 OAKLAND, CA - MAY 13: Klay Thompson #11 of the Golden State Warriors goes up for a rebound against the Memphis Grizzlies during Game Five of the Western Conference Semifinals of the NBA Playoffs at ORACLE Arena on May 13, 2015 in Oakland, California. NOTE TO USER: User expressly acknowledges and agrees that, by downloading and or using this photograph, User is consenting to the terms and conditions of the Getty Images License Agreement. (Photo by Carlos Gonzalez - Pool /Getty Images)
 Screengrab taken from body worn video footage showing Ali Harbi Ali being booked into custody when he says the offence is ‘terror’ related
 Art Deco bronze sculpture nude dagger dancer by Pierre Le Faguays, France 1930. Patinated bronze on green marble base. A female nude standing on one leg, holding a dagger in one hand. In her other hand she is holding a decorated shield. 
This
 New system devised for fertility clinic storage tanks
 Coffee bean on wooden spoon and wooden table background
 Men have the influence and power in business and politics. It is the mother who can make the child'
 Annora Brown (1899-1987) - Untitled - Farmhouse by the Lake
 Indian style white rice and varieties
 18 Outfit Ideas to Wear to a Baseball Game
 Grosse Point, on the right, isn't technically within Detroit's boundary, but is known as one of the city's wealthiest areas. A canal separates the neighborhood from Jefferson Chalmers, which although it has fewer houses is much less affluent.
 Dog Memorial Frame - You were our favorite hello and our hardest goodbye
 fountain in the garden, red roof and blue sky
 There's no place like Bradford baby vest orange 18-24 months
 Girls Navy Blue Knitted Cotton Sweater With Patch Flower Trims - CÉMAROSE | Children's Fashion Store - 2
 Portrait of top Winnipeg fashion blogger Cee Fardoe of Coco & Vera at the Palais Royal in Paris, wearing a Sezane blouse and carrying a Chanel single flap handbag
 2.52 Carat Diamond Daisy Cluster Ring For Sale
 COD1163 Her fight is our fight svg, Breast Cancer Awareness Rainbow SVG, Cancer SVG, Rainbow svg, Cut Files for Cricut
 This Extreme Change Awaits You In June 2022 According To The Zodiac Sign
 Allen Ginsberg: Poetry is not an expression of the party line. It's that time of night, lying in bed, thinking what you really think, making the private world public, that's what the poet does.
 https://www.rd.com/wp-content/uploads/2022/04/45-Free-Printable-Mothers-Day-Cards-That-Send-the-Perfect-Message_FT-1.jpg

Requirement: Filter the listing above by the word "from"; copy each line that passes.

Completed exercise:
 Screengrab taken from body worn video footage showing Ali Harbi Ali being booked into custody when he says the offence is ‘terror’ related
 Grosse Point, on the right, isn't technically within Detroit's boundary, but is known as one of the city's wealthiest areas. A canal separates the neighborhood from Jefferson Chalmers, which although it has fewer houses is much less affluent.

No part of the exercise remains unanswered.